TCA precipitation principles
TCA (trichloroacetic acid) precipitation is considered the most efficient protocol for precipitating proteins from dilute solution. Surprisingly little is known of the mechanism. However Sivaraman, et al J. Protein Chem 16, 291-7 (1997) show that precipitation vs TCA concentration is a U shaped curve with optimum ppt at roughly 15% TCA and suggest that the mechanism is hydrophobic aggregation. Xu et al , J. Protein Chem 22, 669-75 (2003) support the hydrophobicity precipitation mechanism.
Bensadoun and Weinstein (Anal Biochem 70, 241-50 (1976) - heavily cited) show that an added carrier, deoxycholate (DOC), improves recovery. DOC is a detergent at neutral pH. Acidification titrates acidic groups dramatically reducing solubility. Chevallet, et al Proteomics 7, 1757-70 (2007) adapted this technique to proteomics by substituting sarkosyl for DOC and washing away precipitated sarkosyl with tetrahydrofuran (THF).
Note that sarkosyl hydrolyzes slowly in aqueous solution. Solutions should be less that ~2wks old (I haven't tested this rigorously).

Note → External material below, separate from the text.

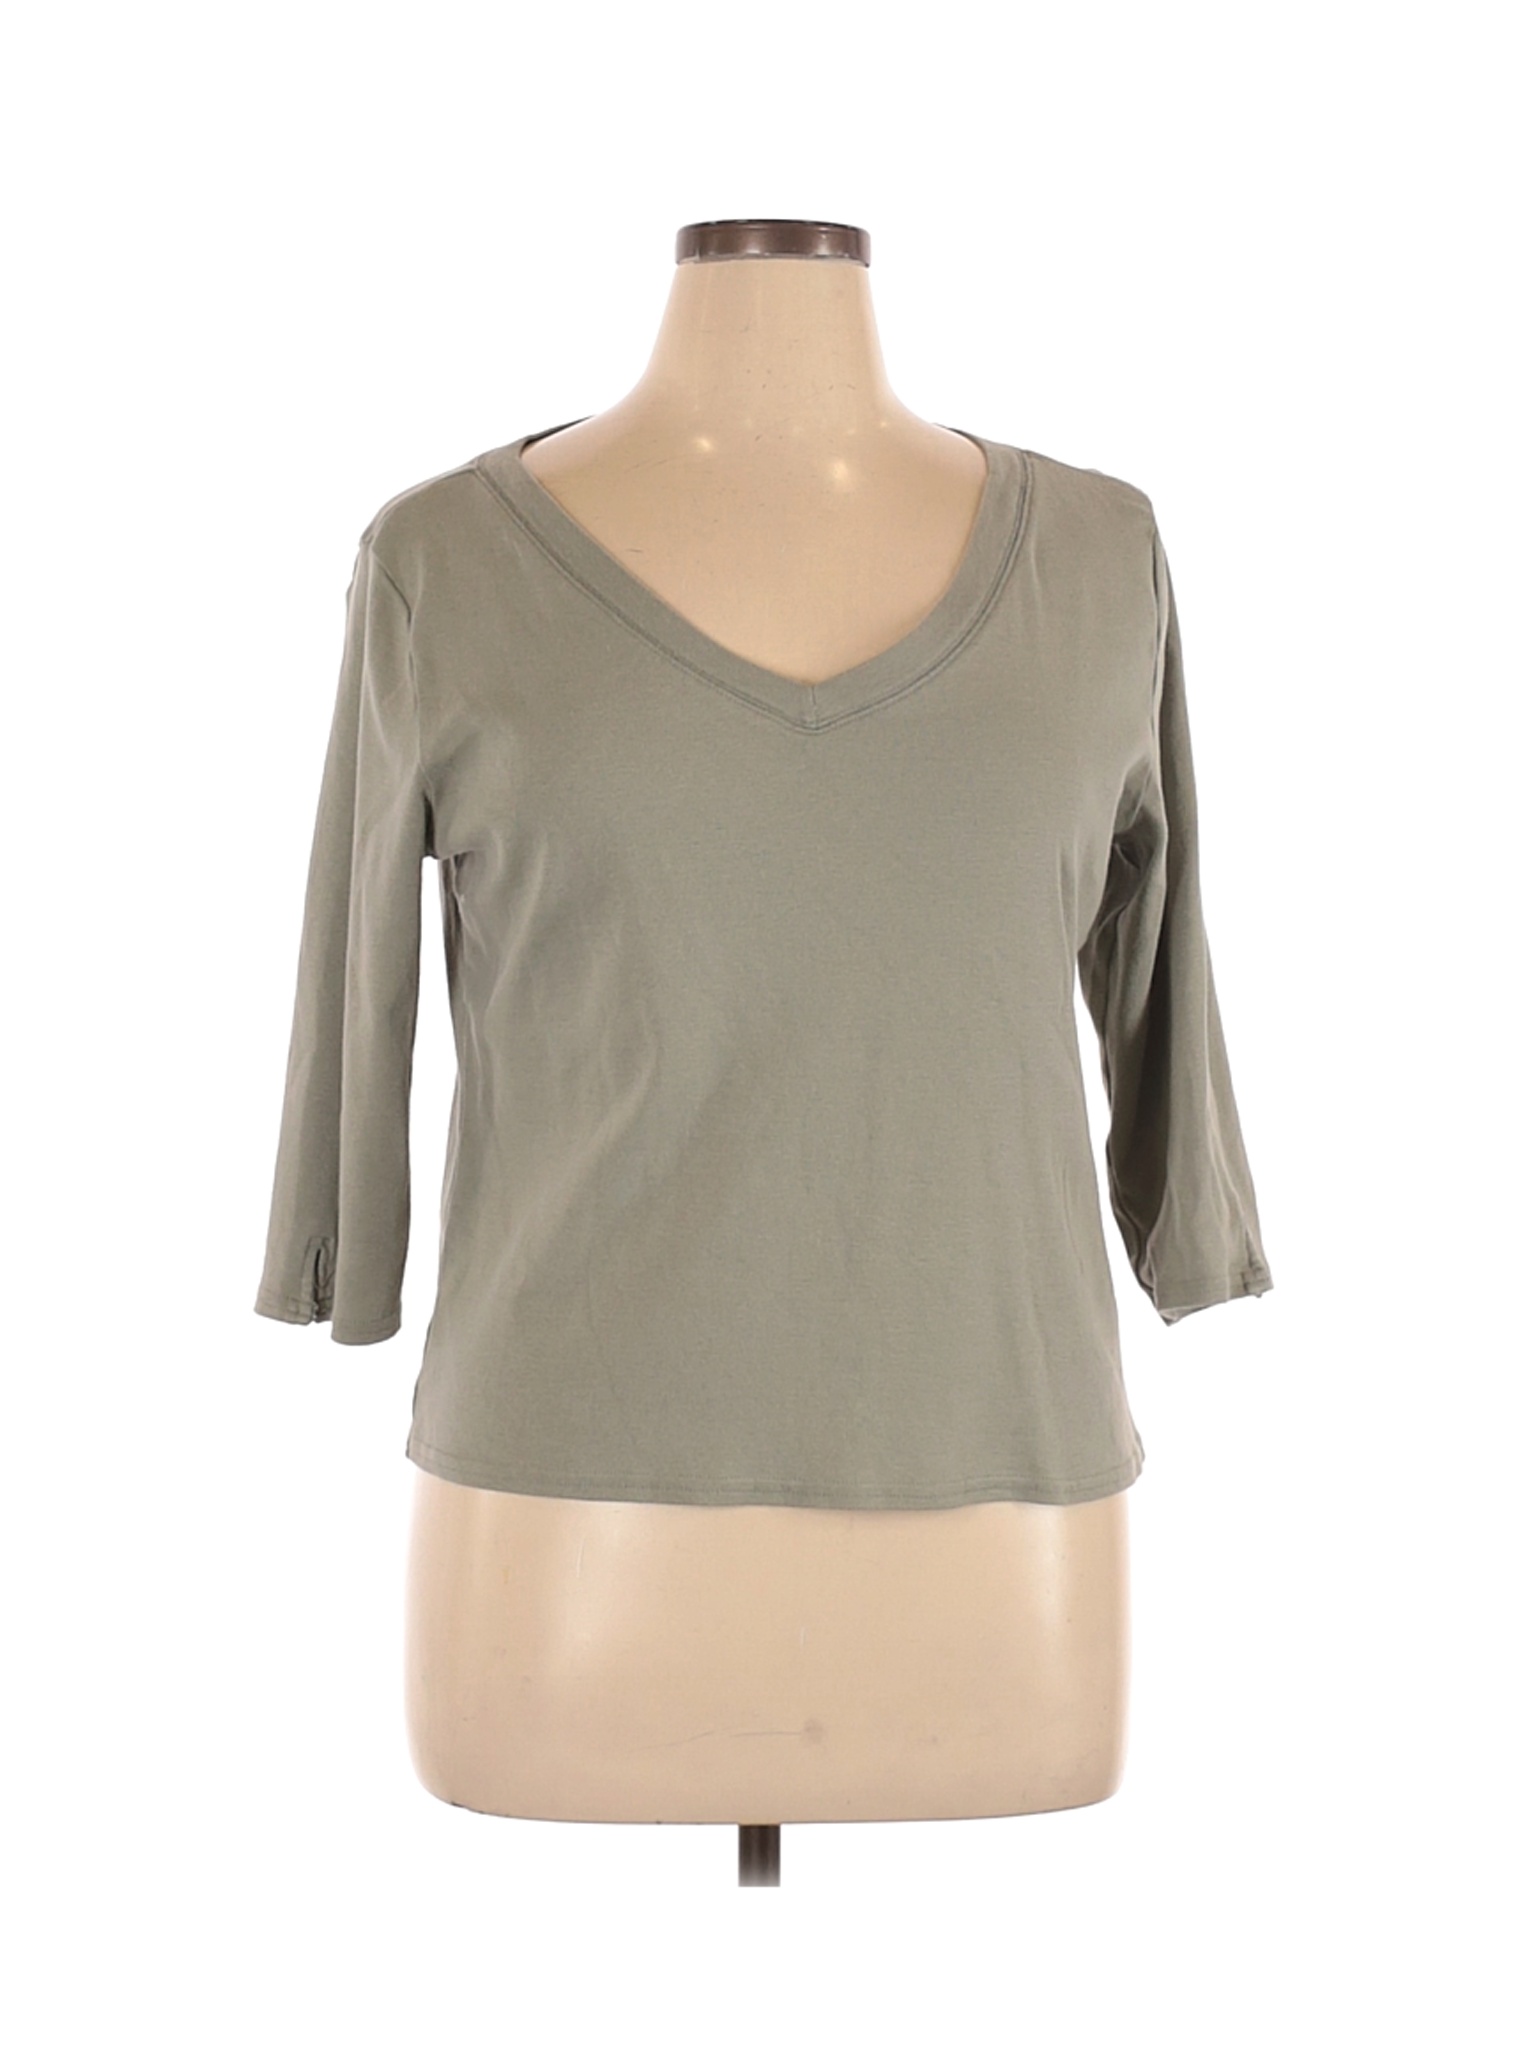 Isabella Bird Women Gray Long Sleeve T-Shirt XL | eBay

My protocol includes a lipid soluble dye (Sudan Black) to mark the precipitate. THF dissolves the dye. If you're TCA precipitating several samples, gray color in the TCA wash is a useful indicator of "pellet recovery".
I've also precipitated fluorescent (dansylated) proteins. The fluorescence allows one to detect small pellets. Ideally one could dansylate a small protein (i.e. insulin) to serve as an internal recovery standard.
Note that THF is similar to ether, but has advantages of water miscibility and lower volatility.